Source coding is an essential part in digital communications. A robust source decoder is desired for adverse transmission conditions. Compared to the traditional hard-decision (HD) decoding and error concealment, soft-decision (SD) decoding offers a higher robustness by exploiting the source residual redundancy and utilizing the bit-wise channel reliability information. Moreover, the quantization codebook index can be either mapped to a fixed number of bits using fixed-length (FL) codes, or a variable number of bits employing variable-length (VL) codes. The codebook entry can be either fixed over time or time-variant. However, using a fixed scalar quantization codebook leads to the same performance for correlated and uncorrelated processes. This thesis aims to improve the performance of speech and audio codecs with FL and VL codes.

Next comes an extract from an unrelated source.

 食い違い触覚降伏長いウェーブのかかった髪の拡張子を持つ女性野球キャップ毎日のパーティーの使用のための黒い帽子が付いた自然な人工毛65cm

The thesis can be divided into three main parts: Firstly, the concept of FL/SD decoding is applied to the Adaptive Multi-Rate Narrowband and AMR Wideband speech codecs, which are widely used in mobile speech communications. The speech quality is significantly improved. Secondly, both the FL/SD and VL/SD decoding methods are applied to High-Efficiency Advanced Audio Coding, which is optimized for low bit rate applications, such as mobile music streaming and digital radio broadcasting. Supported by subjective listening tests, the audio quality shows a tremendous enhancement. Finally, a new decoding approach is proposed to improve the scalar quantization performance for correlated processes. Exploiting the source correlation and employing only a predictor at the receiver side, a time-variant quantization codebook can be generated. This proposed approach is advantageously applicable in both error-free and error-prone transmission conditions.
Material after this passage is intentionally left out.